In UTF-8 locales, arguments >= 0x80 are invalid arguments for iscntrl().

POSIX [1] says
  "The c argument is a type int, the value of which the application shall
   ensure is a character representable as an unsigned char or equal to the
   value of the macro EOF. If the argument has any other value, the behavior
   is undefined."

The term "character" is defined here [2]:
  "A sequence of one or more bytes representing a single graphic symbol or
   control code."

So, in a UTF-8 locale, a "character representable as an unsigned char"
is a byte sequence of length 1, where the single byte has a value in the
range 0x00..0x7F.

For invalid values "the behavior is undefined." You were expecting a value 0.

Now, in the gnulib documentations, what we mention as portability problems
are the cases where
  - the behaviour for valid arguments is different on different platforms, or
  - the boundary between valid and invalid arguments is fuzzy and depends on
    the platform.
IMO there's no point in documenting that a function _really_ has undefined
behaviour when POSIX says that it has undefined behaviour.

> I've also attached an alternative patch for df (in your name).

This patch is correct (because the characters that you test for in c_iscntrl
are 0x00..0x1F, 0x7F, which don't occur as second or later byte in a multibyte
character in the EUC-JP, EUC-KR, GB2312, EUC-TW, GB18030, SJIS encodings).

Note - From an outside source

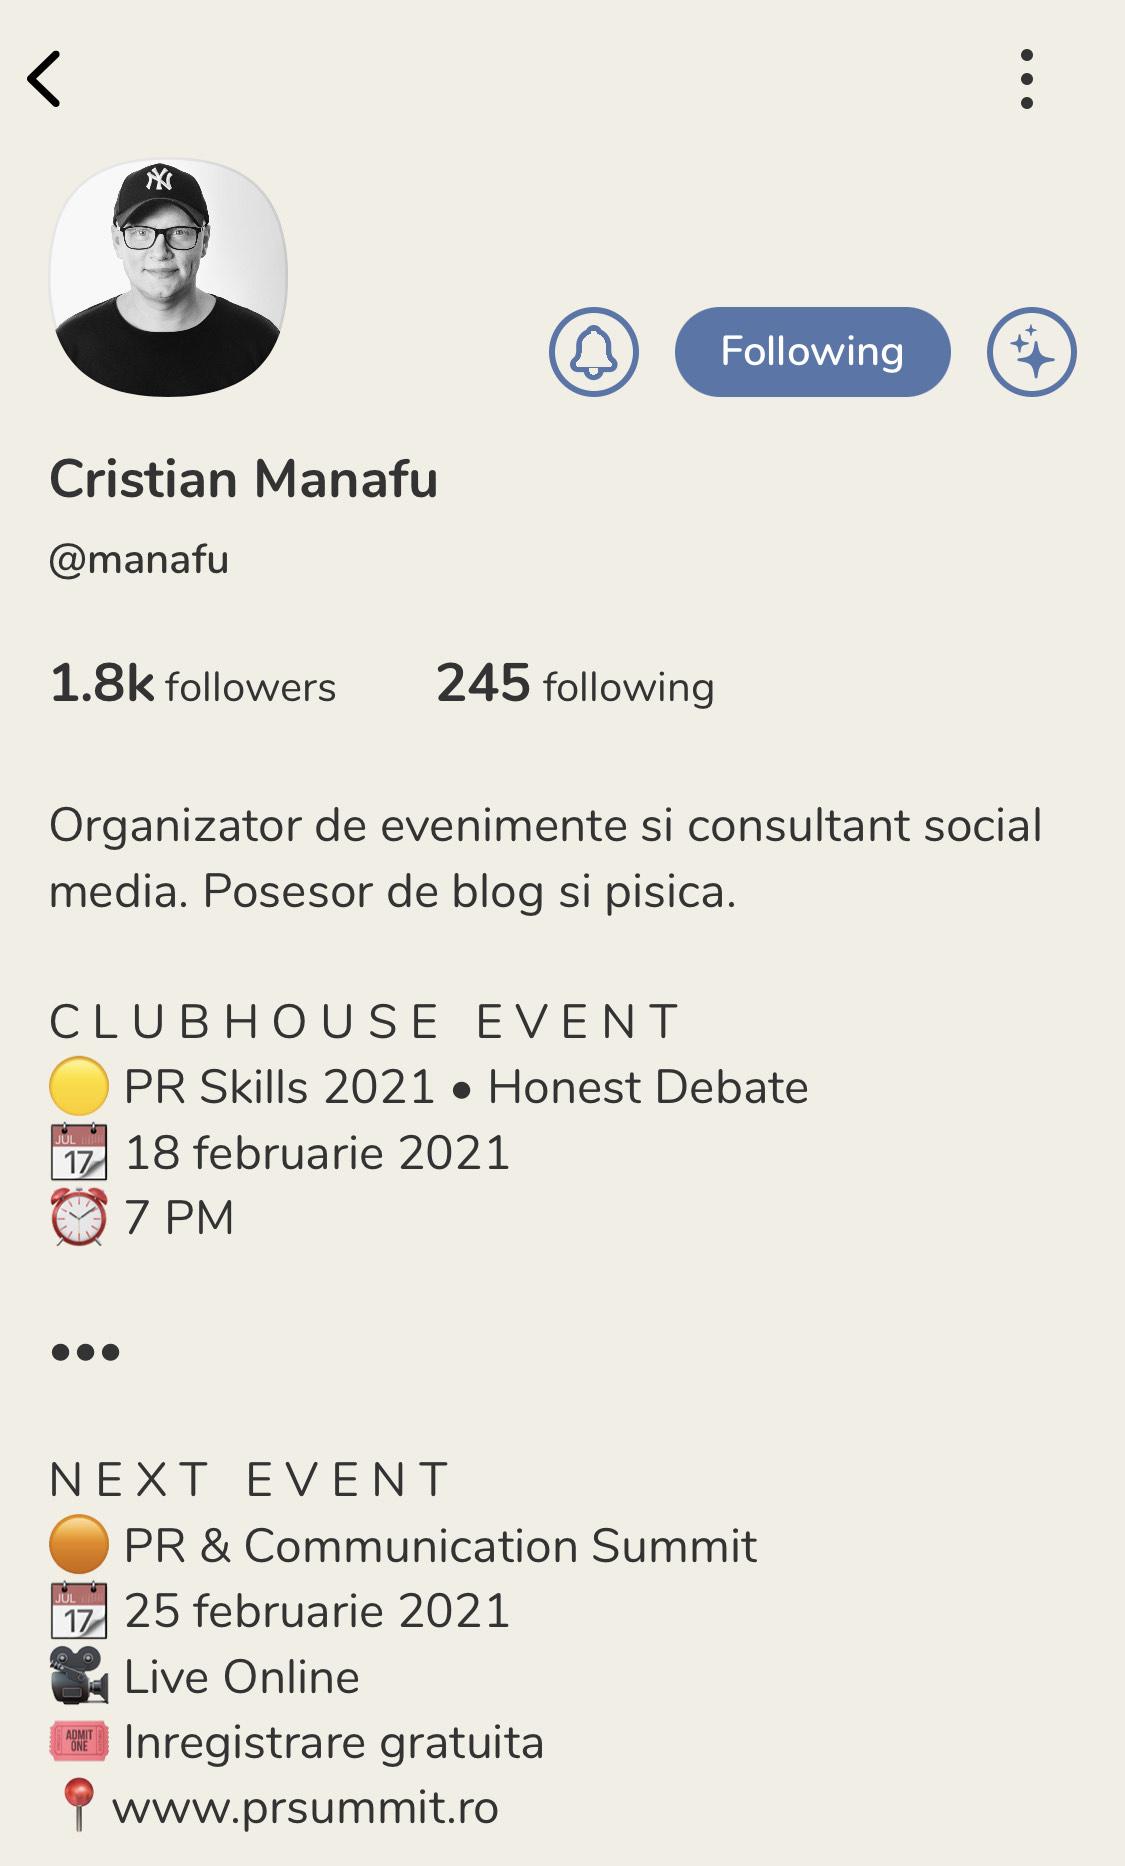 Cristian Manafu
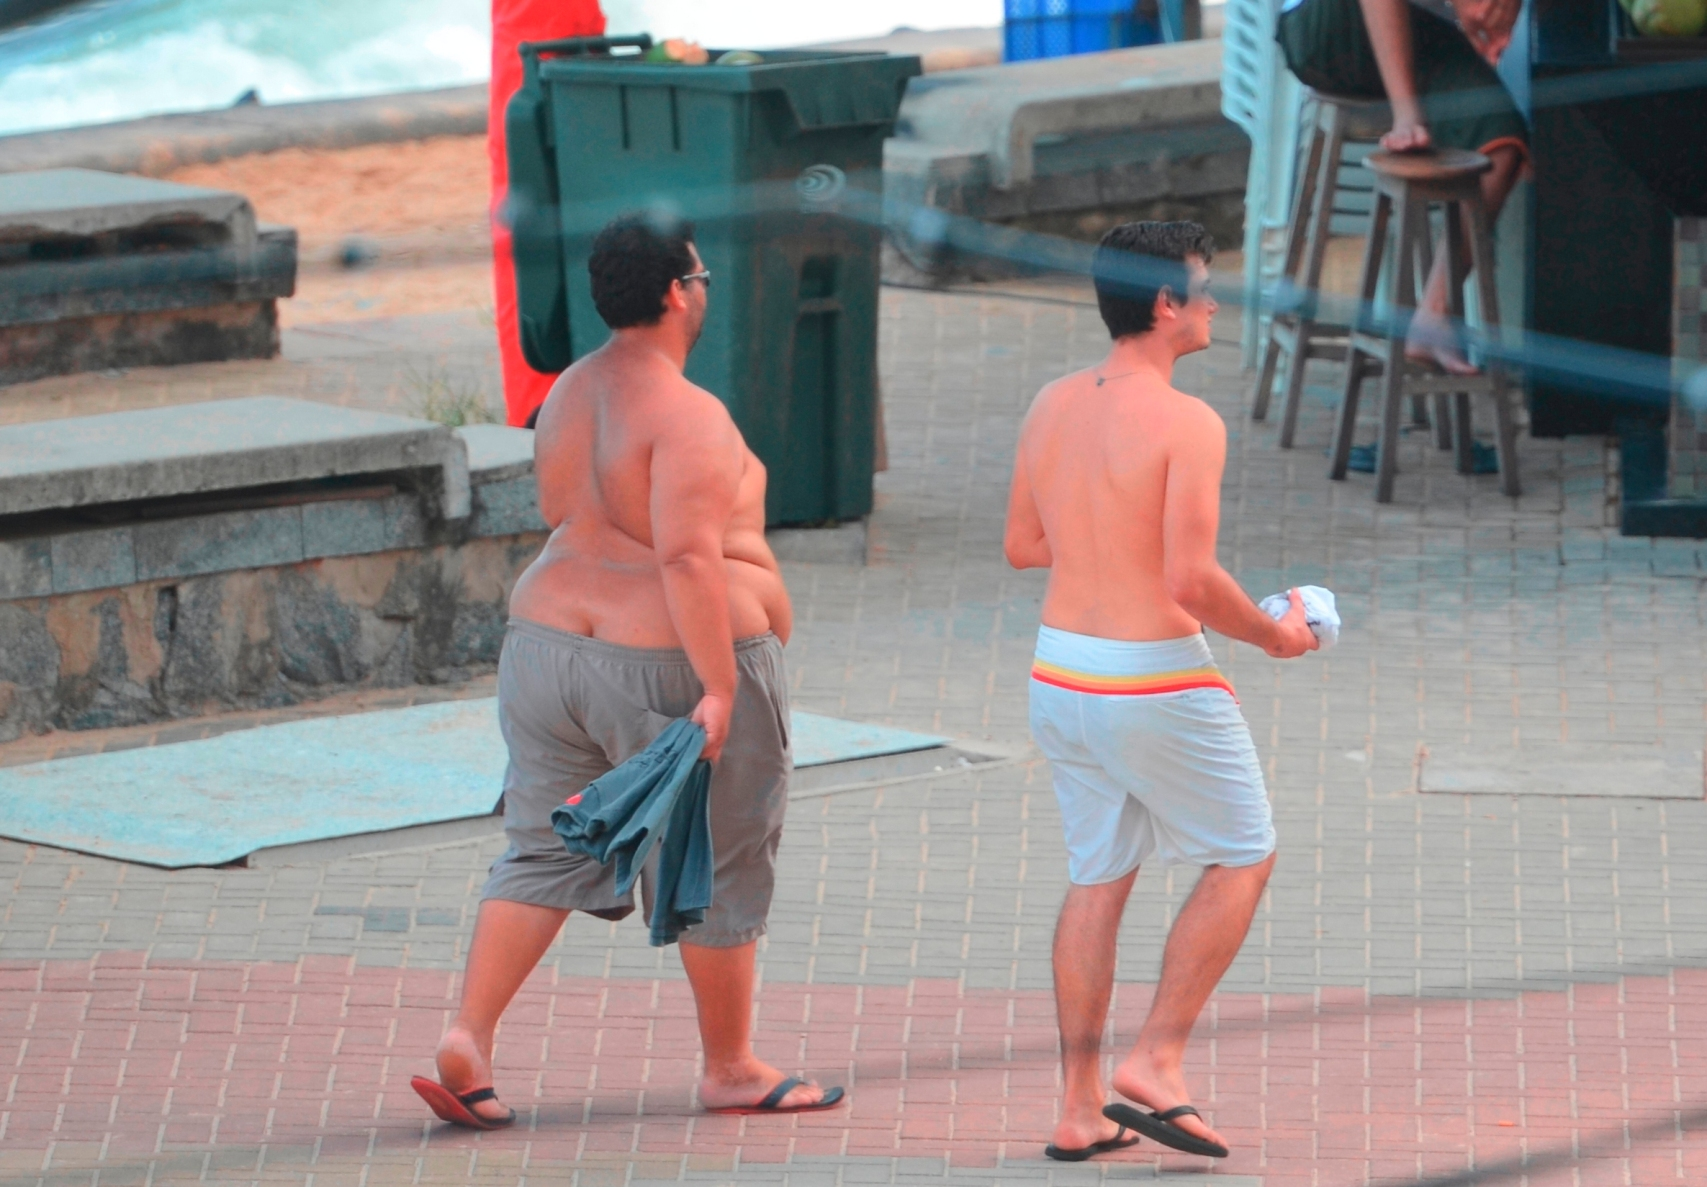 Nå er også brasilianere blitt overvektige

But it does not catch control characters outside of the ASCII range. It would
make sense to catch these as well. If you want to do that,
'hide_problematic_chars' needs to be rewritten as a loop that iterates across
the multibyte characters. For example with the 'mbiter' module, in
combination with the mb_iscntrl function from the 'mbchar' module. Or
directly with mbrtowc() and iswcntrl().